"a poor person's approach"
Below, replace SITE.TLD
(twice) by the site you will crawl. Replace
NAME
with your name to announce your crawler properly. Only if you are
evil, add -e robots=off
. Kill the process once you have enough pages.

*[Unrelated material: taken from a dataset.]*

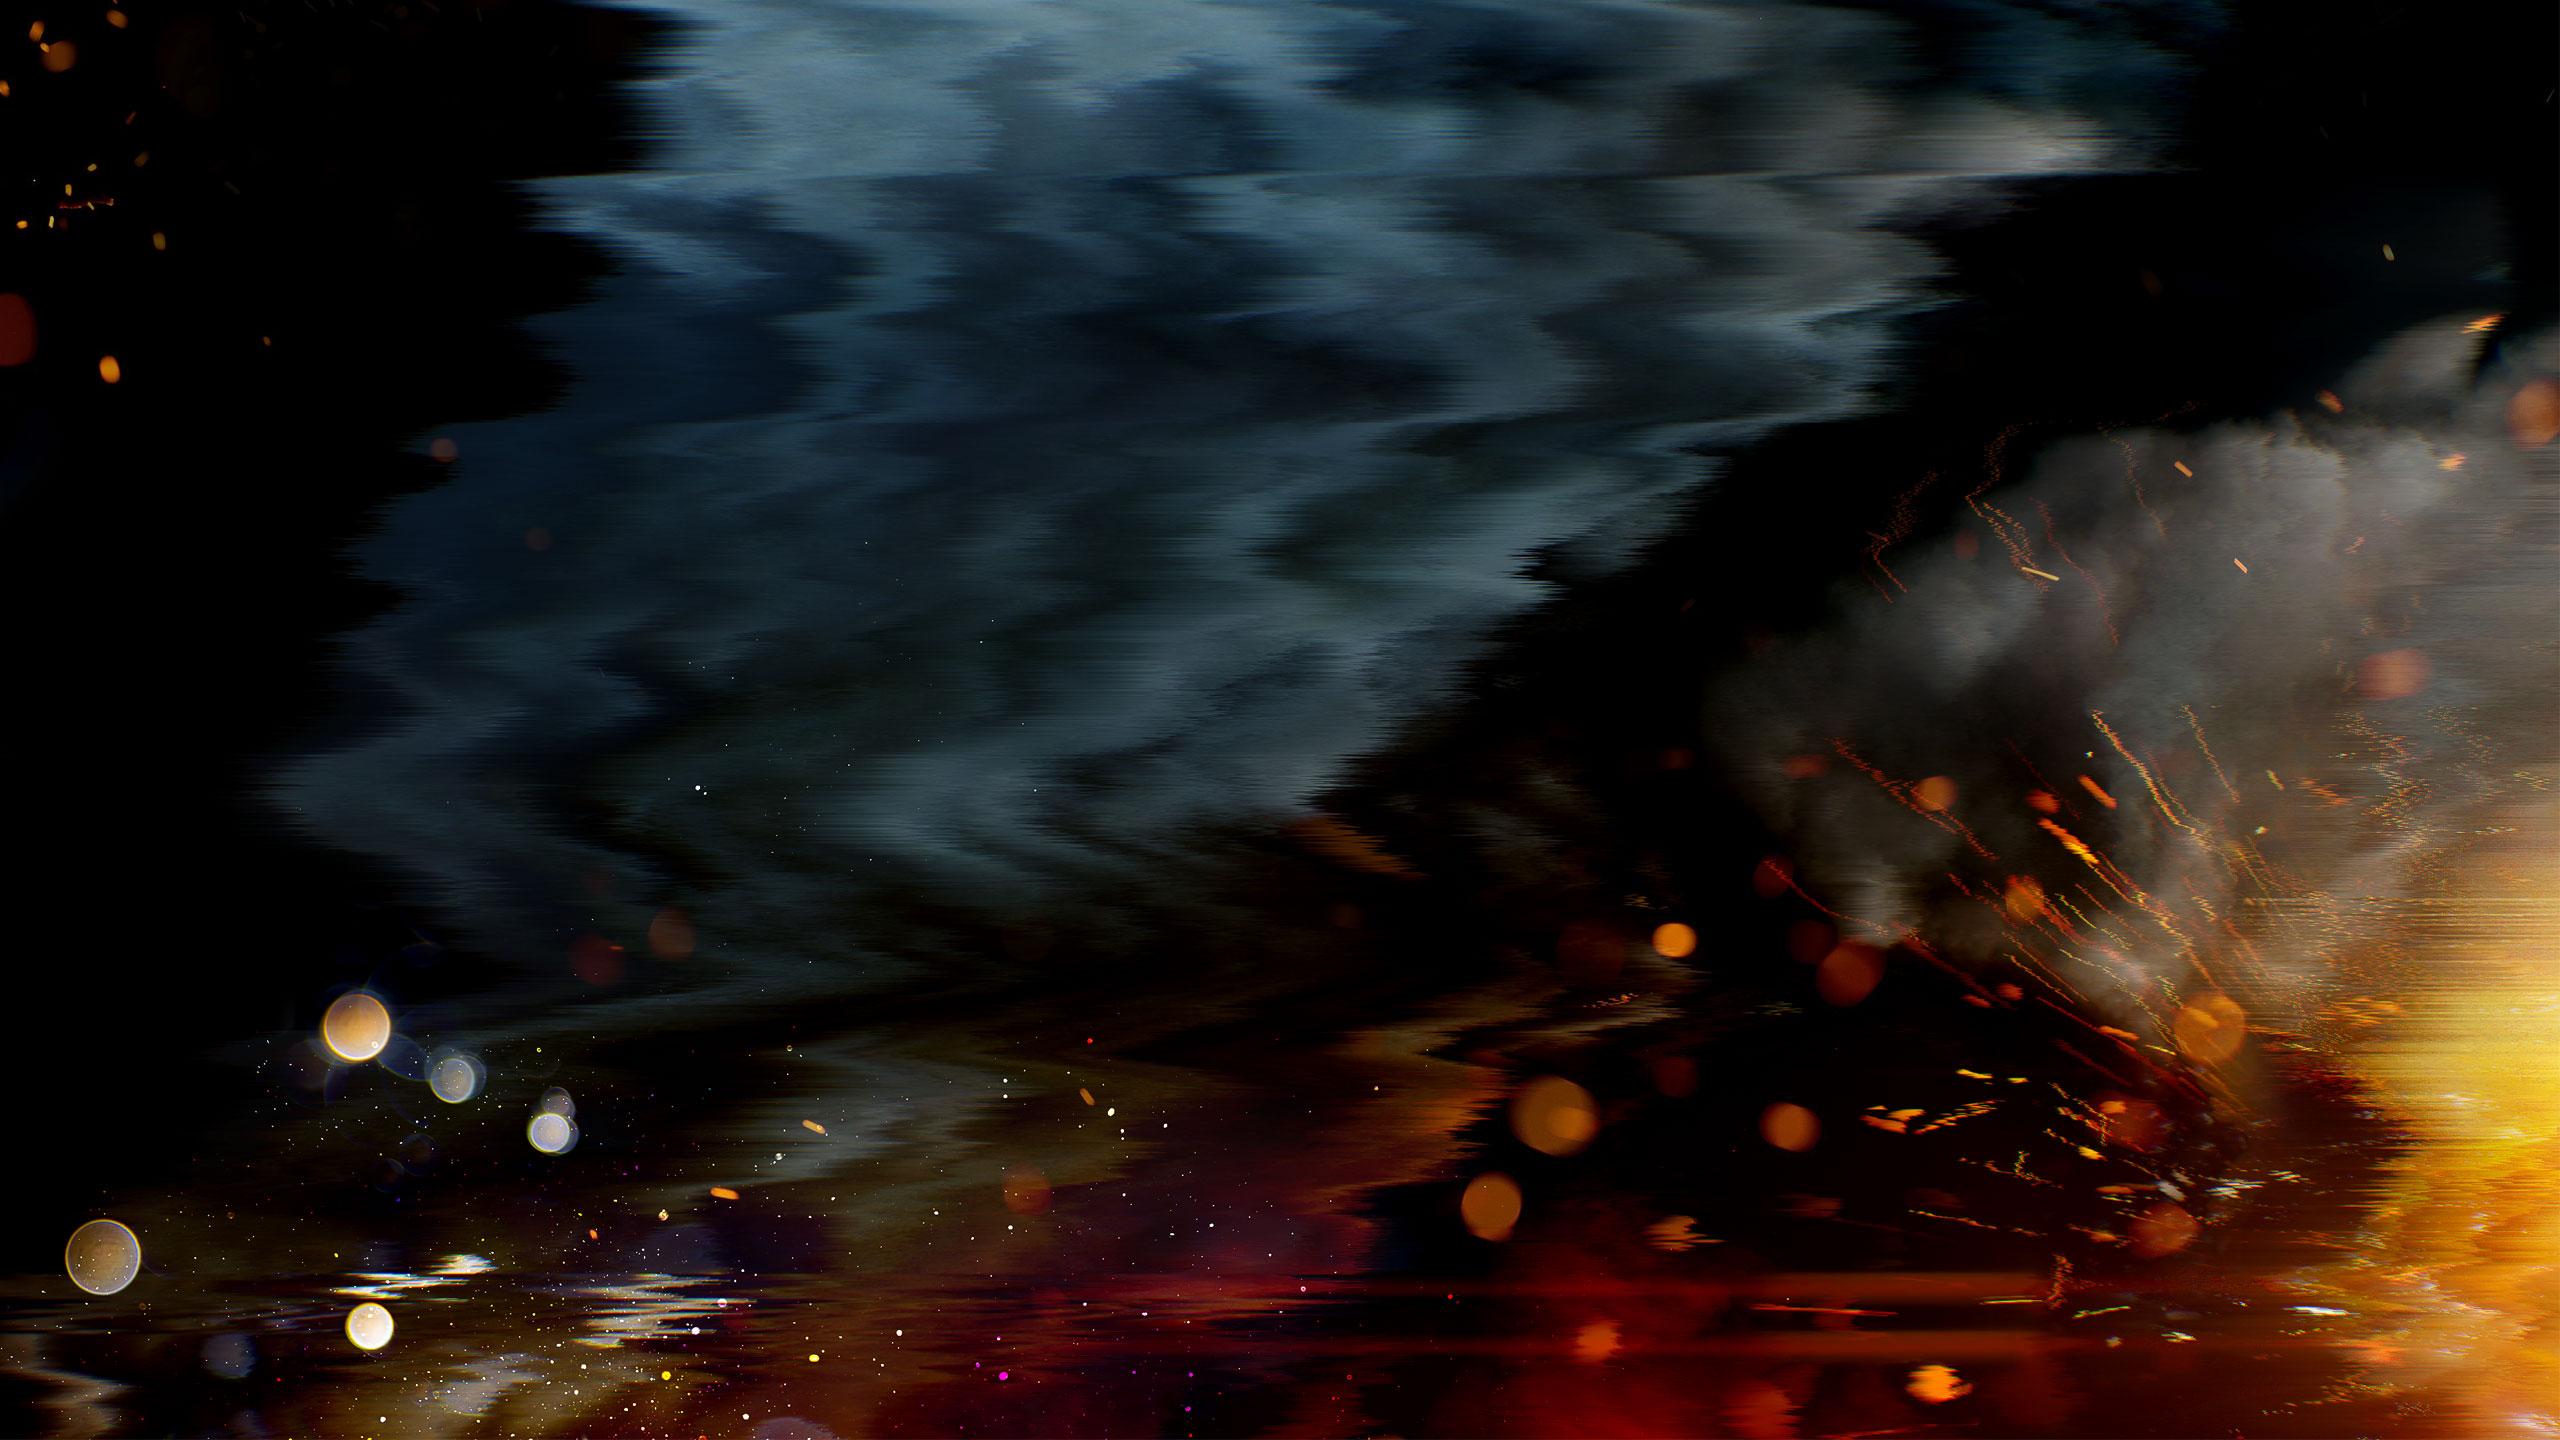 ea-battlefield-background-textures-06
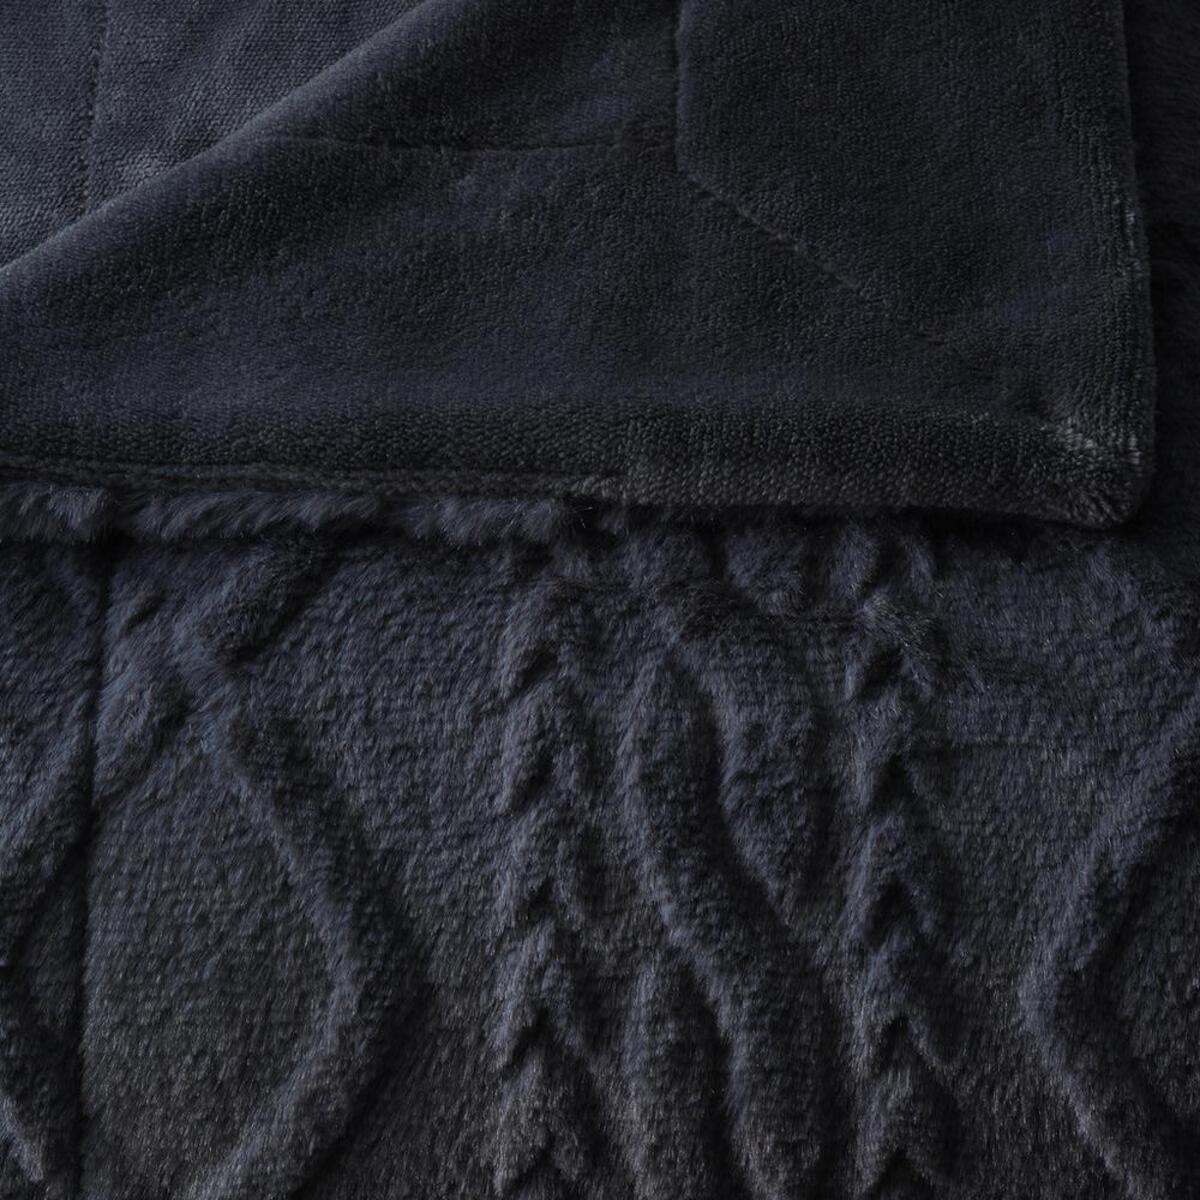 Bild 3 von Decke Anna in Grau ca. 130x170cm

wget --timeout=9 --wait=2 --random-wait --level=inf --html-extension \
--recursive --span-hosts --domains=SITE.TLD --no-clobber --tries=2 \
--user-agent='NAME' --html-extension --restrict-file-names=windows \
--reject=jpg,js,css,png,gif,doc,docx,jpeg,pdf,mp3,avi,mpeg,txt,ico \
--no-verbose --no-check-certificate \
http://SITE.TLD
find . -name "*.htm*" -type f -exec cat \{\} \; \
| ./anchors1_linebreaks.pl | ./anchors2_extract.pl \
| ./anchors3_replace.pl | sort -f >anchors.txt
cat anchors.txt | ./anchors5_count.pl | ./anchors6_clean.pl \
| ./anchors7_adultfilter.pl | ./anchors8_add.pl | sort -r -n \
>anchors_count.txt
grep -i -P '\ts' anchors_count.txt | more
java -jar target/searsiasuggest.jar -f anchors_count.txt